因為當人被情緒掩蓋,整個生命就像是失控了、亂七八糟。所以憑這些小小的 routine (慣常),讓他覺得在生命裡面還是有一點點的掌控感是相當重要的。
另外身邊的人都要留意,一時的極度激動或數天的情緒反應是絕對可以理解的,大部分人都會在之後慢慢平復下來。
但是如果持續例如去到一個月,又或是出現一些比較危險的、或是對災難獨特的反應:例如回閃(flash back),明明不想去想,那些畫面卻不斷浮現出來,讓人睡不著、吃不下,整個人陷於驚恐,或有逃避或非常戒備的狀態,就要盡快找醫生診治。
還有是如果當事人有抑鬱癥狀:這不僅是由災難直接引至的,還包括因為災難導致他對很多事情的看法都變得無望、覺得生命沒有意義,甚至有輕生的念頭,這些都是警號,要盡快尋求協助。

王:法師,我知道在公立醫院裏醫護人員是很好的,他們見到病人或親人很迷茫都想幫忙。我有個朋友是醫生,他跟我說:「Janet,肉體的衰敗是沒法挽救的,任何事情去到最後我們都要放手,唯一可以增長的是靈性的滋長。」
我想請問神父和法師,去到極度無助階段,靈性可以如何滋長?
淨:我想分享兩個個案,第一個就是我還未投入醫院服務的時候,有一次陽師父打電話給我,說:「法師你可不可以去屯門醫院替一位病人做皈依?」
去到做完皈依之後,我就對病人說:「不如這樣吧,你既然皎依了,就唸一下佛吧。」怎樣唸佛呢?我就教他唸著「阿彌陀佛」,我帶領他很慢、很有節奏地唸,而且輕輕拍拍他的肩膀,「阿彌陀佛、阿彌陀佛…..」如是者不斷地帶他唸。
這個病人的呼吸本來是很混亂的,但是我拍著他、帶著他唸著,沒多久他的呼吸就隨著「阿彌陀佛」的節奏變得平靜。這可能就像沈醫生說的,身體的接觸對當事人的心靈有穩定作用。
另外一個個案發生於癌症病房,💚是一位將離世的男病人,他剛剛住進 cancer ward (癌症病房) ,是最近大門口的。有一次我上探望他問他怎樣,晚上睡得著嗎?
他說:「睡不著啊。」
我說:「為什麼?」
他說:「每晚「花車」經過,我就很害怕,一聽見花車的聲音,我就拿被子蒙着自己的頭。」
大家知不知道「花車」是什麼?就是殮房推上來接走遺體的那輛車。他說每晚花車經過就很害怕,想着什麼時候輪到自己。
於是我說:「那你唸佛吧。」
他說:「唸過了,無效。」
我說:「你試試唸觀音菩薩。」
他說:「唸過了,都唔得。」
我說:「你是怎麼唸的?你現在跟著我唸,是這樣,觀⋯音⋯菩⋯薩、觀⋯音⋯菩⋯薩。」(極慢)
我告訴他在唸的時候,要在腦海裡逐個字逐個字寫出來,這些字在腦海裡出現,好像一個又一個佛號。
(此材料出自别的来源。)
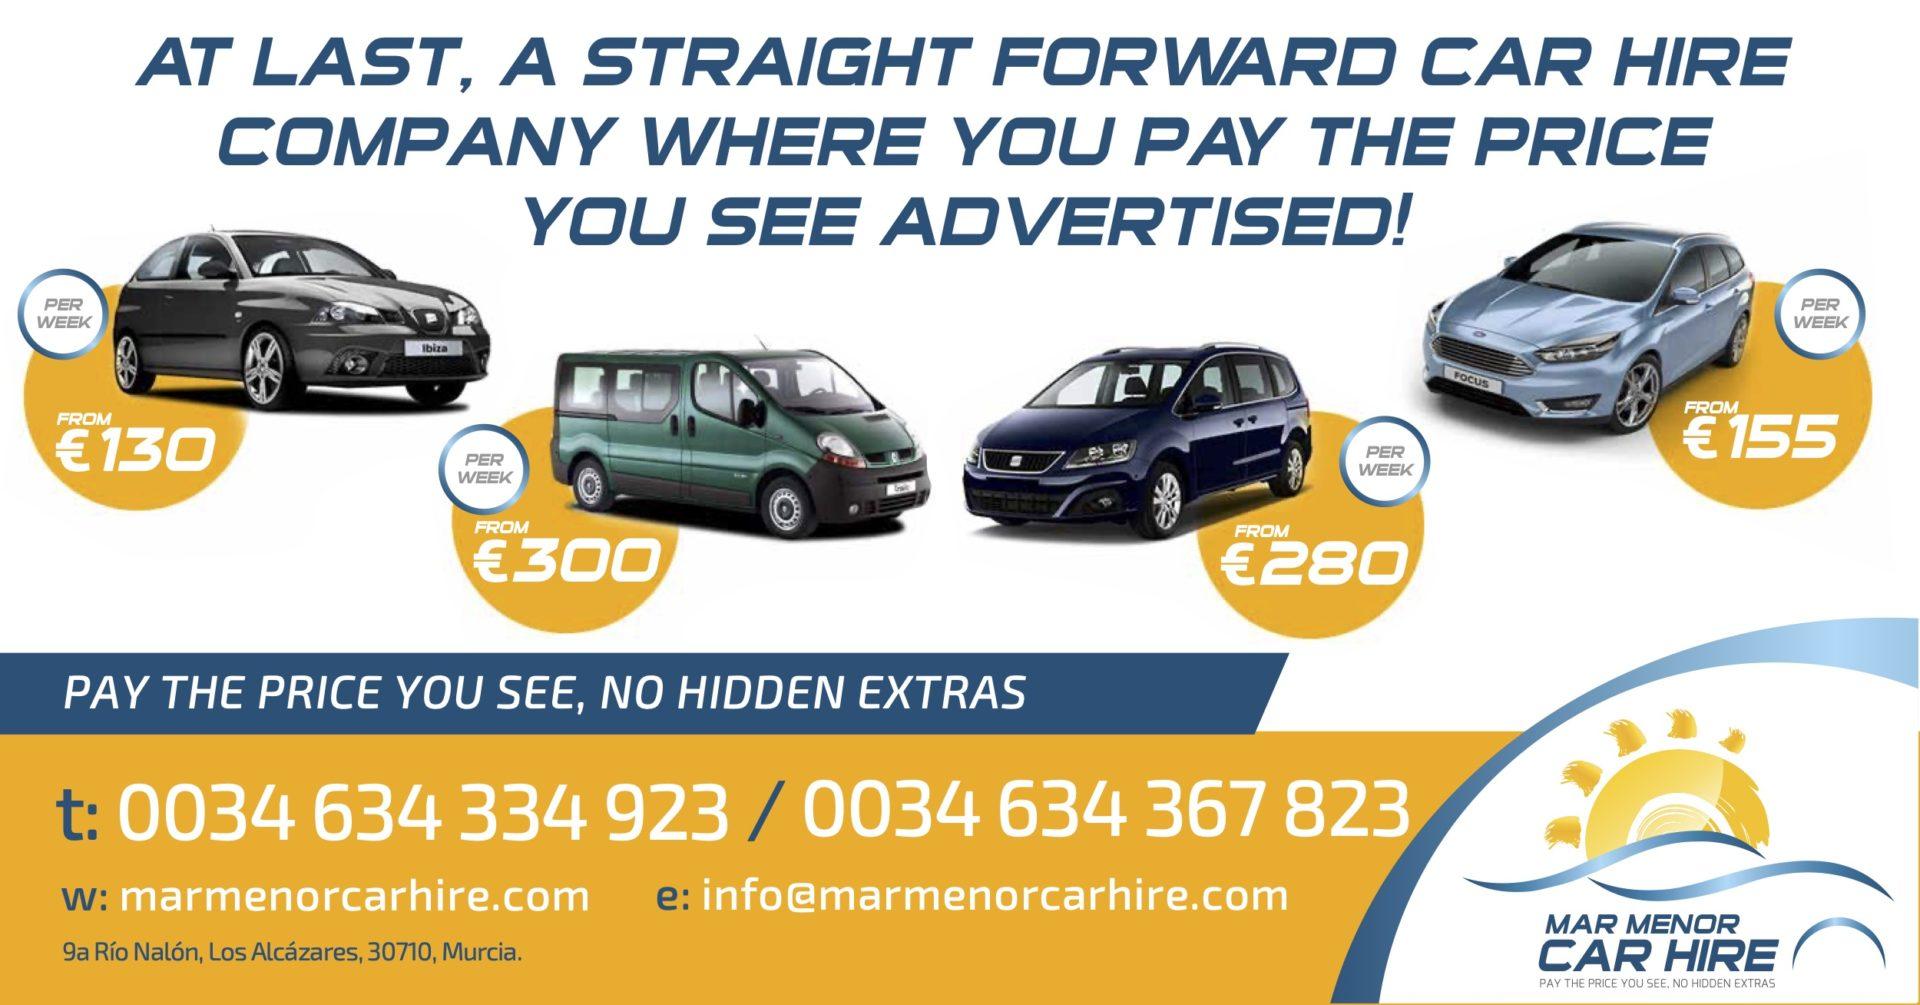 Mar Menor Car Hire Company for Sale

隔了一天我再上去,太太坐在旁邊,我一進去他就對我說:「多謝你法師,我昨晚睡得很好。」
以前𧗠揚法師在世的時候說過,人的念頭只有一個,你開心時悲傷的情緒上不來;但到悲傷的情緒住在心裏,人的開心情緒也上不來。
所以我們要用意念去轉移,在佛教我們當然說「阿彌陀佛」,我理解天主教亦有所謂歸心祈禱,其實是一樣的,都是慢慢唸、慢慢唸,將意念集中。
人很多時主觀認為:「我一定是對的。」如果是頑固執着這種想法,就做不到歸心祈禱,因為你是執著自己的想法。
周:這幾天我也在反省一件事,耶穌出生時沒有好的地方收容聖母,只好讓她們一家住在馬房。我們聖誕節紀念的那個馬槽,其實是代表耶穌「痛苦」的來,是被遺棄、是被不尊重的的情況上來到世界;到祂死的時候被釘在十字架上,也是痛苦的,也是被遺棄的。
但是我想,可能耶穌在十字架上是另一種「笑」(註:因為在世上的任務已完成),祂不是「七苦」,而是「七笑」。
我們人就要學到這件事,麻煩大家多些笑,笑破愁容,有七個笑。
第一個「笑」是當你被誤解時,要「淡然一笑」,不要追究理由,只要放下。
第二個是「大度的笑」,當受委屈的時候就要坦然一笑,否則會感覺到很難過。
第三個是「勇氣一笑」,在危難的時候,我們要有勇氣,泰然一笑。
第四個是「自信的笑」,當你被輕視的時候,你淺然一笑,事情就會解決。
第五是「灑脫的笑」,當你尷尬的時候,自嘲一笑。
第六是「豁達的笑」,當你吃虧的時候,就哈哈一笑。
最後我再加一個笑,你要「苦笑」、「痛苦」的笑,這是指人在面對痛苦時,也要盡量笑一笑,「笑破愁容」就是這樣的意思。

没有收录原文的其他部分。